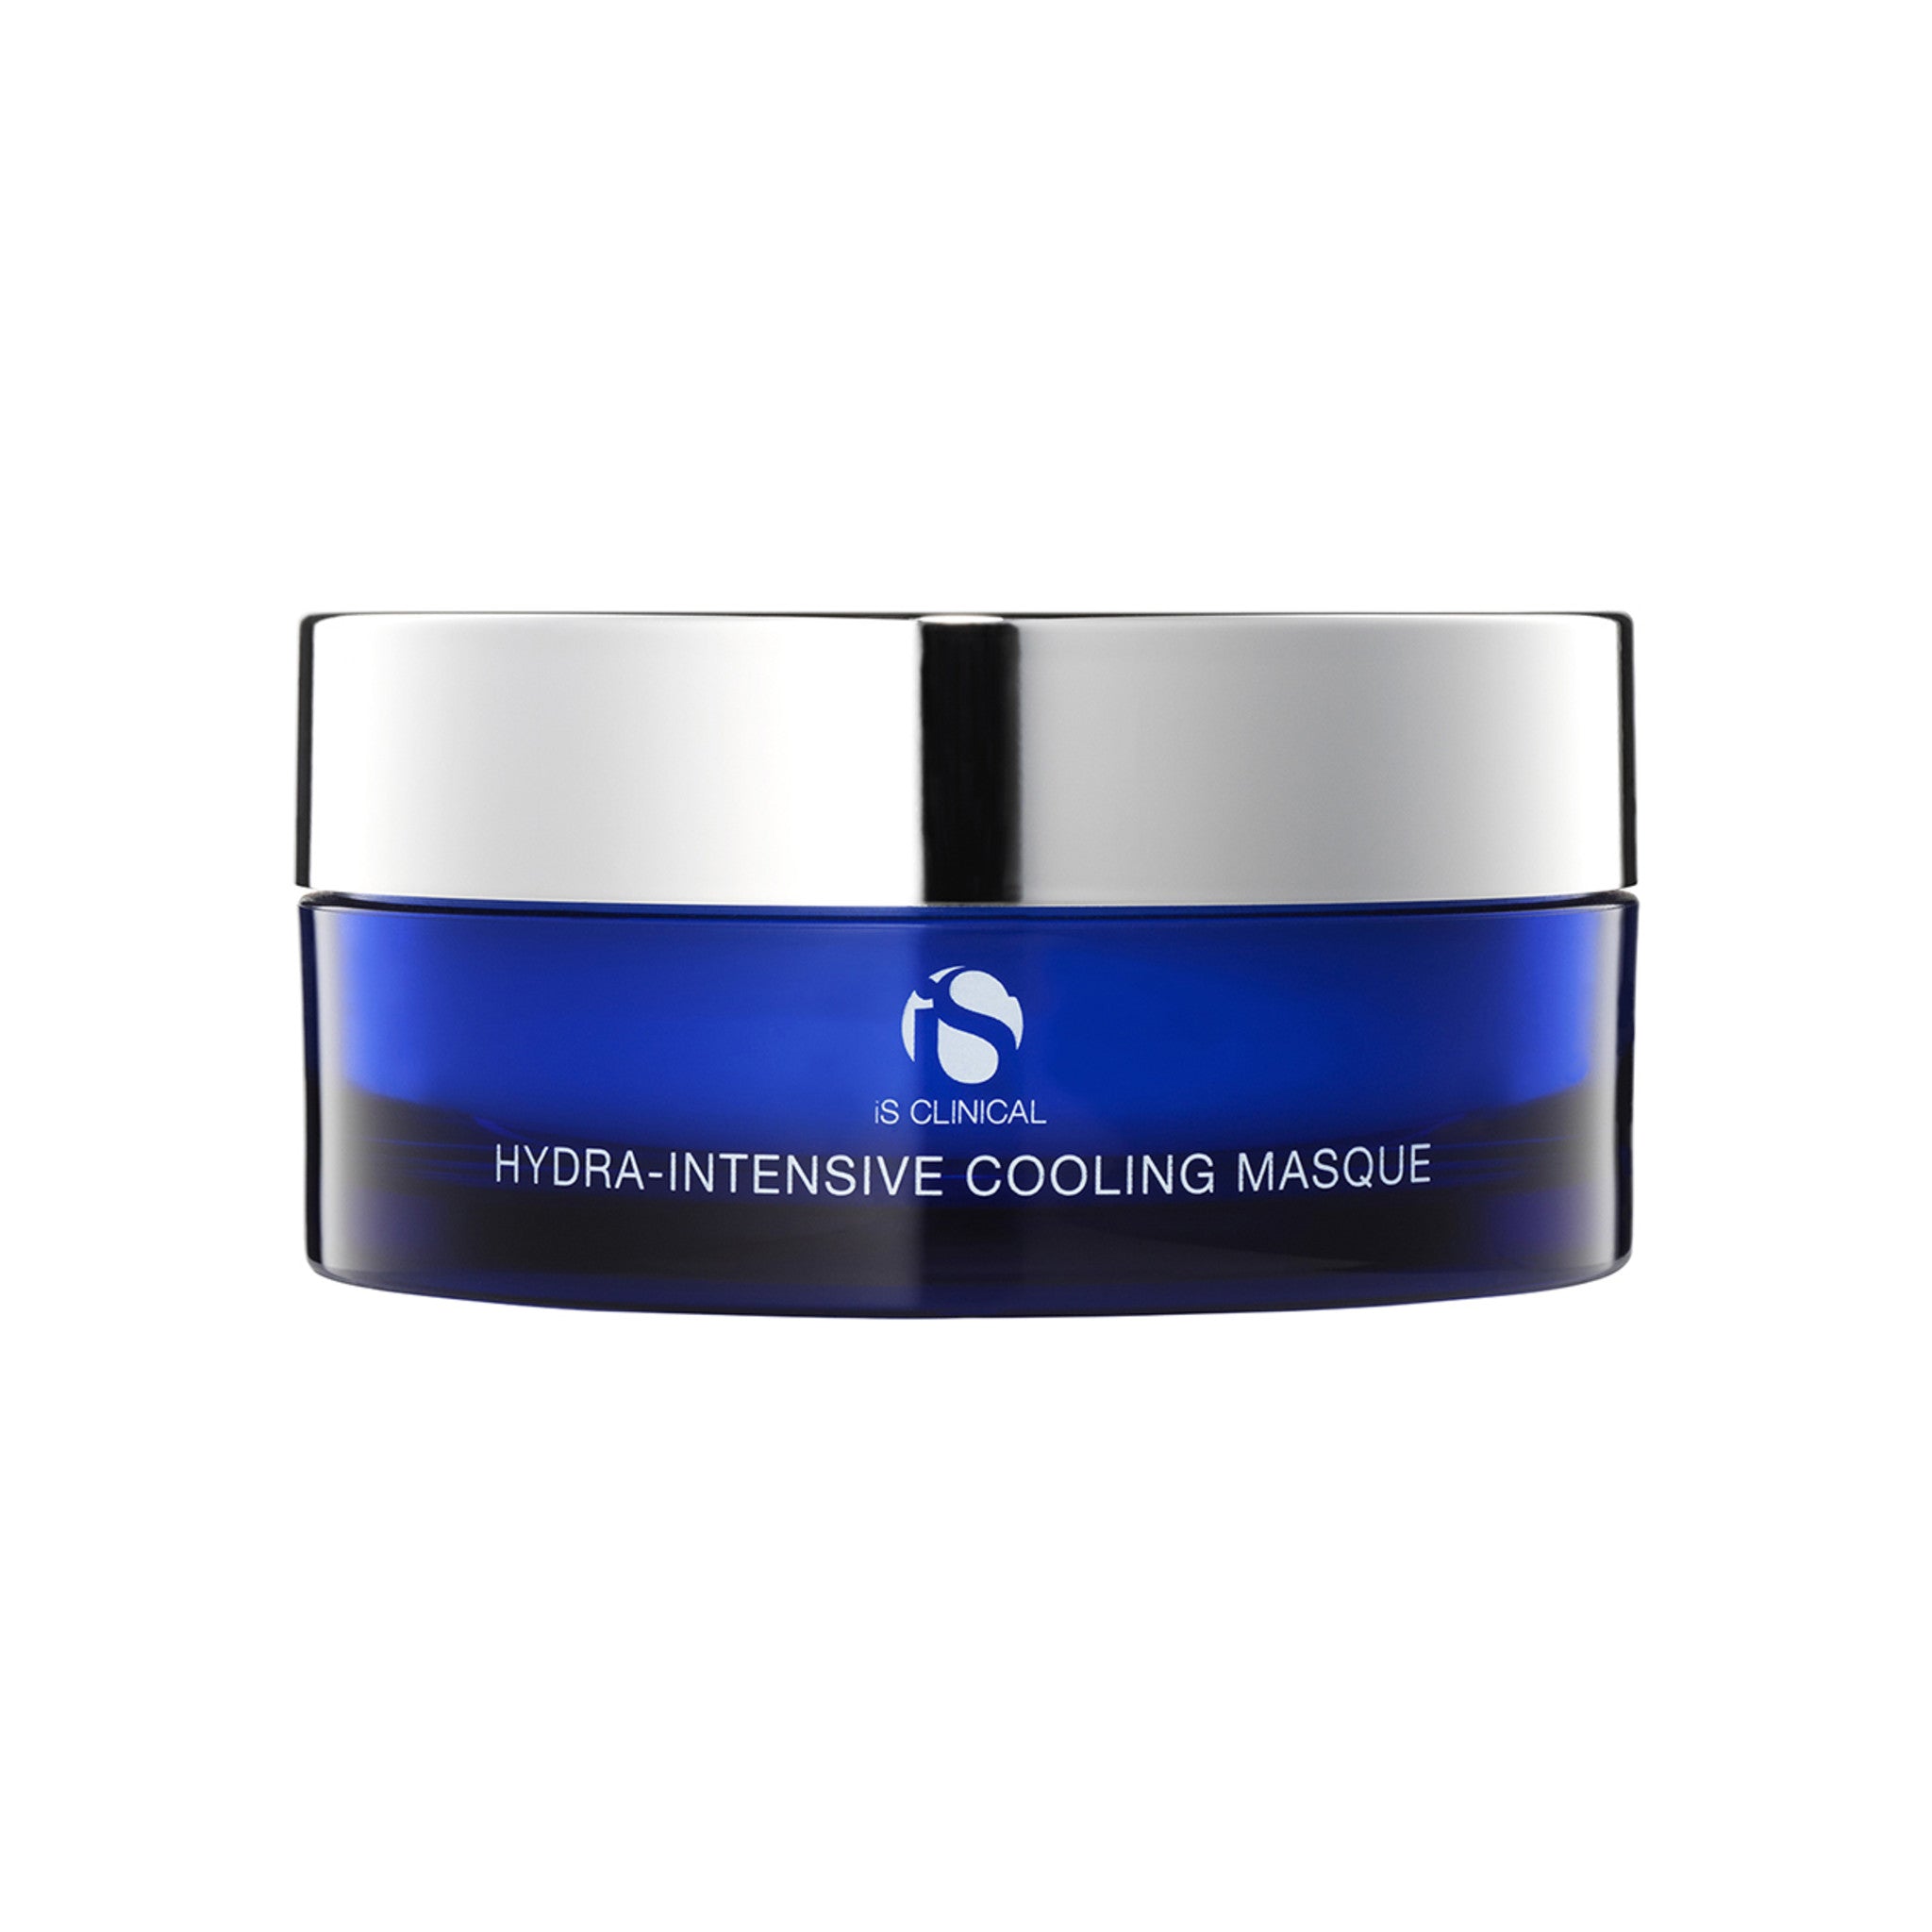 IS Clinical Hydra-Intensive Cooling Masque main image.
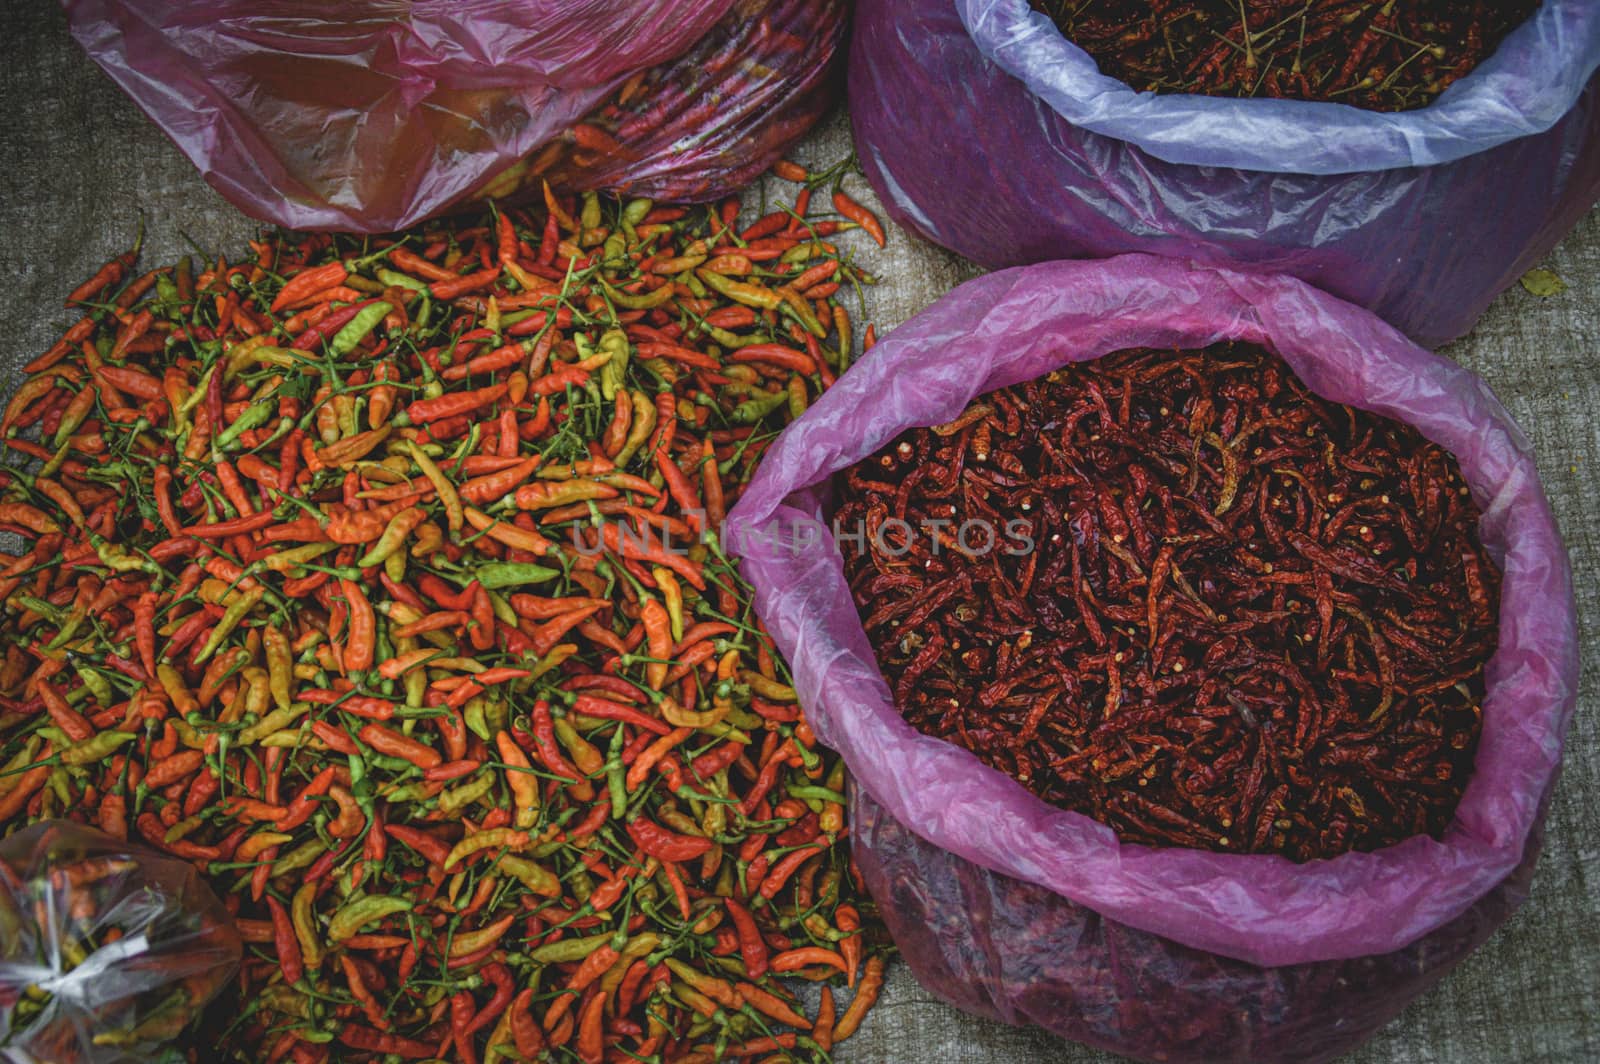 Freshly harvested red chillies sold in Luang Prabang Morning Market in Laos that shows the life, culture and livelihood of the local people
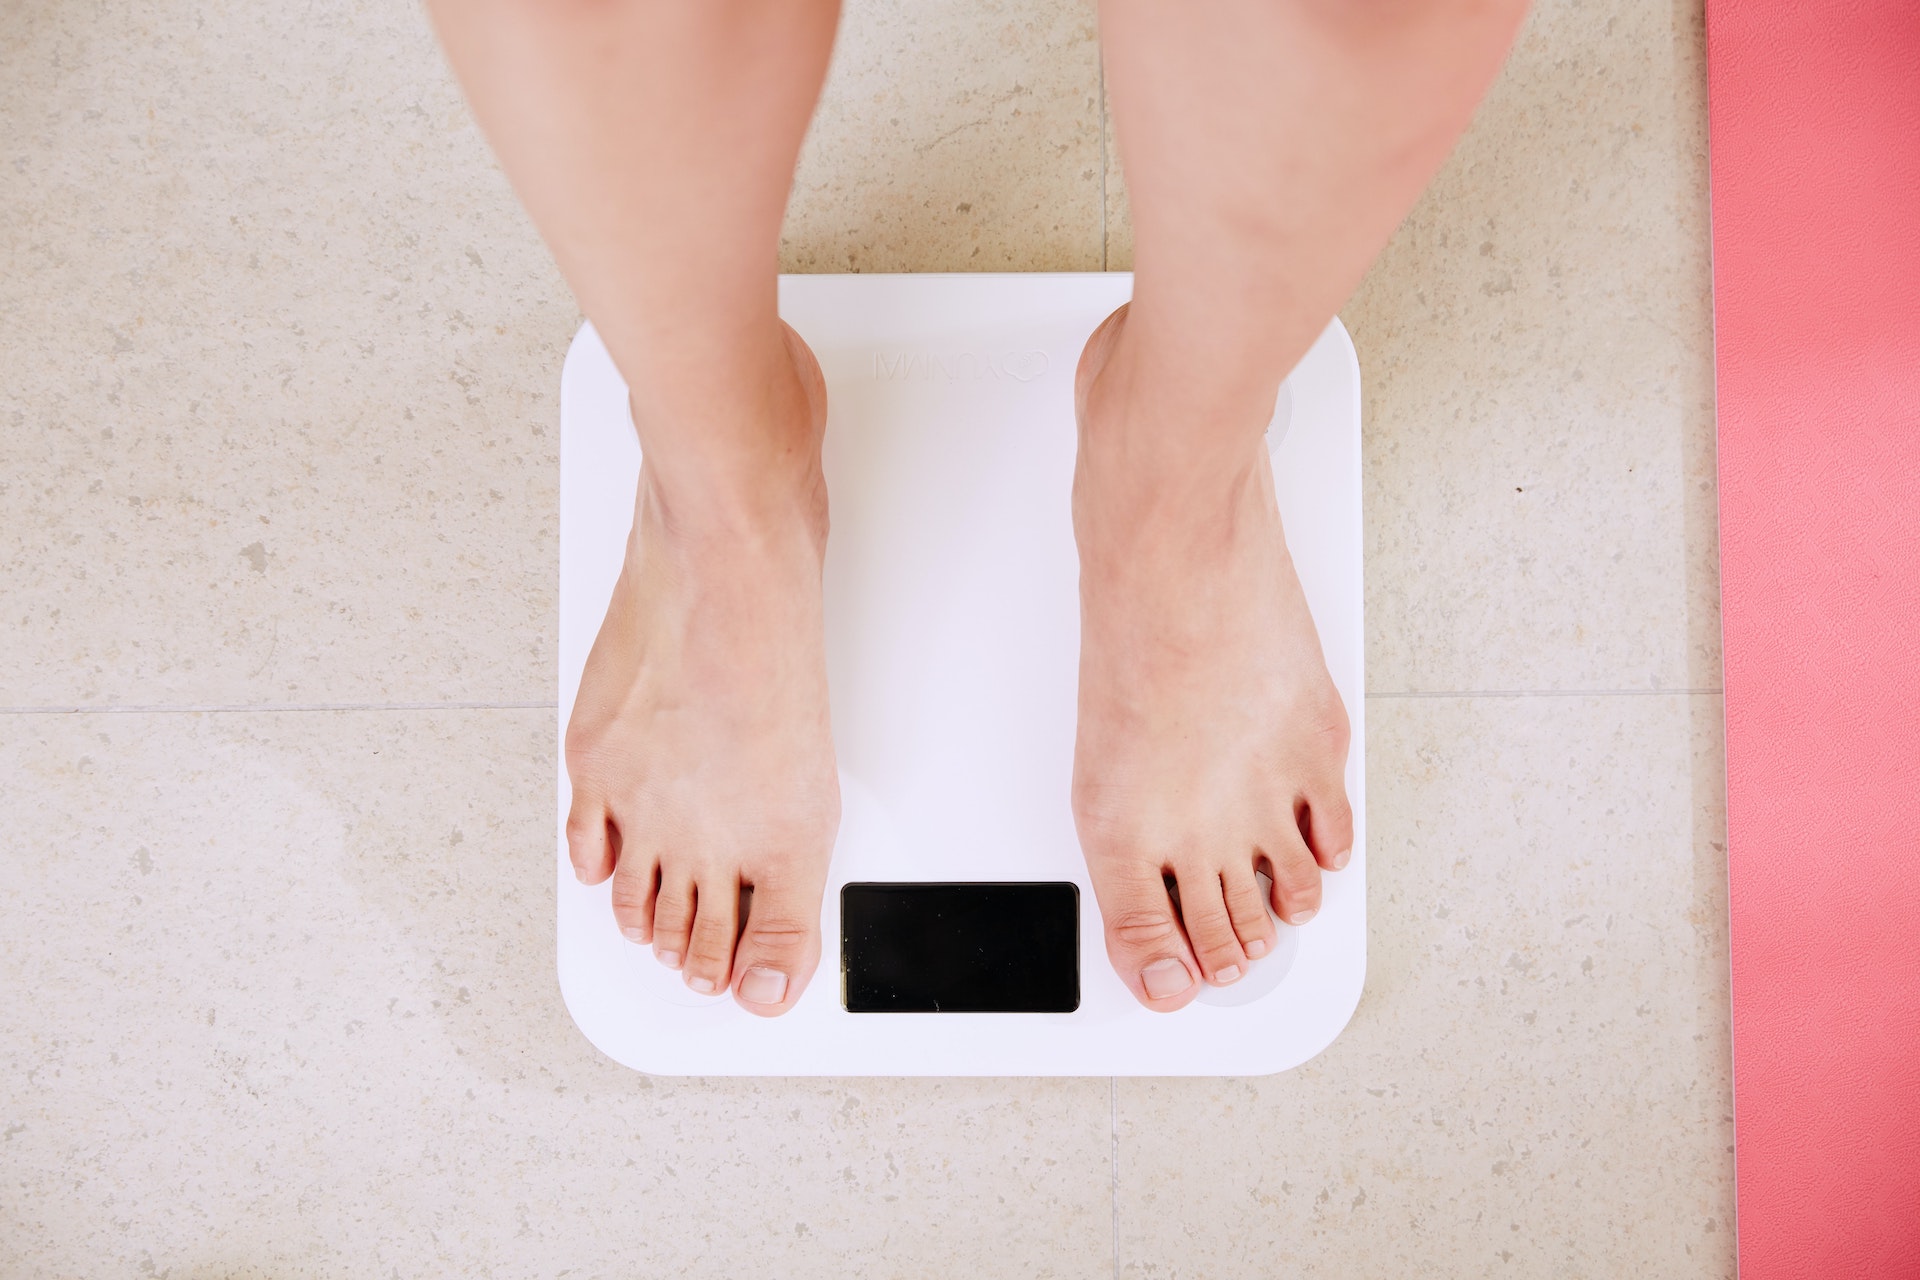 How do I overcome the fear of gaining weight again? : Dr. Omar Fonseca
· · · · ·
Write out again every line above exactly as given; the pictures do not belong in the copy.

### Written solution
 IS Clinical Hydra-Intensive Cooling Masque main image.
 Freshly harvested red chillies sold in Luang Prabang Morning Market in Laos that shows the life, culture and livelihood of the local people
 How do I overcome the fear of gaining weight again? : Dr. Omar Fonseca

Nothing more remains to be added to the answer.